Merging graphs¶
Graphs share blank nodes only if they are derived from graphs described by documents or other structures (such as an RDF dataset) that explicitly provide for the sharing of blank nodes between different RDF graphs. Simply downloading a web document does not mean that the blank nodes in a resulting RDF graph are the same as the blank nodes coming from other downloads of the same document or from the same RDF source.
RDF applications which manipulate concrete syntaxes for RDF which use blank node identifiers should take care to keep track of the identity of the blank nodes they identify. Blank node identifiers often have a local scope, so when RDF from different sources is combined, identifiers may have to be changed in order to avoid accidental conflation of distinct blank nodes.
For example, two documents may both use the blank node identifier “_:x” to identify a blank node, but unless these documents are in a shared identifier scope or are derived from a common source, the occurrences of “_:x” in one document will identify a different blank node than the one in the graph described by the other document. When graphs are formed by combining RDF from multiple sources, it may be necessary to standardize apart the blank node identifiers by replacing them by others which do not occur in the other document(s).
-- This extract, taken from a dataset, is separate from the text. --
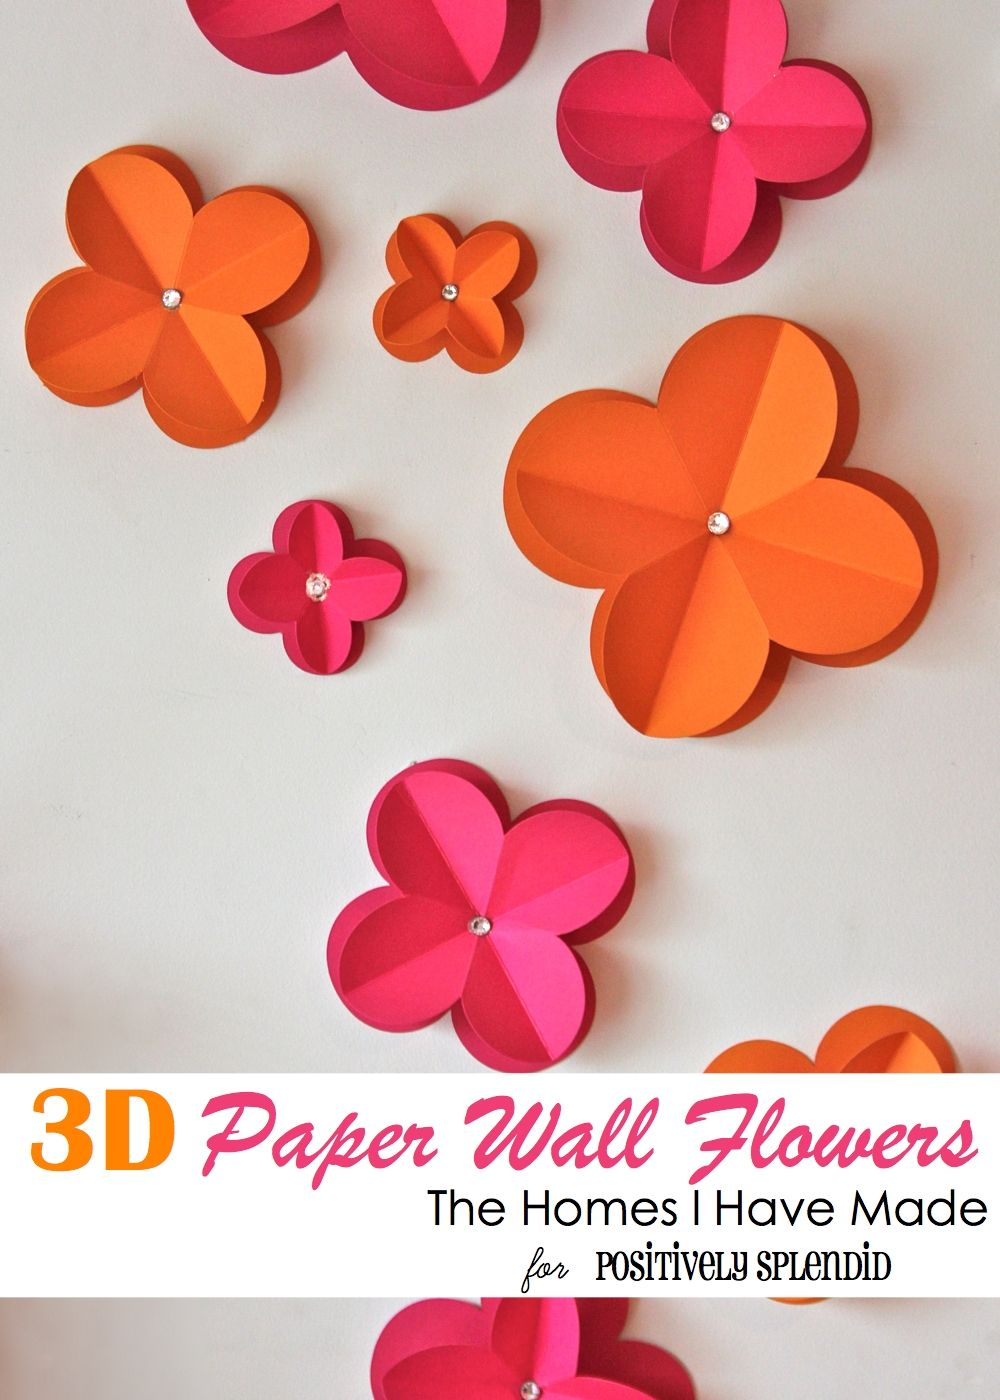 3d Paper Wall Flowers Paper Walls 3d Paper And 3d

(copied directly from https://www.w3.org/TR/rdf11-mt/#shared-blank-nodes-unions-and-merges)
In RDFLib, blank nodes are given unique IDs when parsing, so graph merging can be done by simply reading several files into the same graph:
from rdflib import Graph
graph = Graph()
graph.parse(input1)
graph.parse(input2)
graph
now contains the merged graph of input1
and input2
.
Note
However, the set-theoretic graph operations in RDFLib are assumed to be performed in sub-graphs of some larger data-base (for instance, in the context of a ConjunctiveGraph
) and assume shared blank node IDs, and therefore do NOT do correct merging, i.e.:
from rdflib import Graph
g1 = Graph()
g1.parse(input1)
g2 = Graph()
g2.parse(input2)
graph = g1 + g2
May cause unwanted collisions of blank-nodes in
graph
.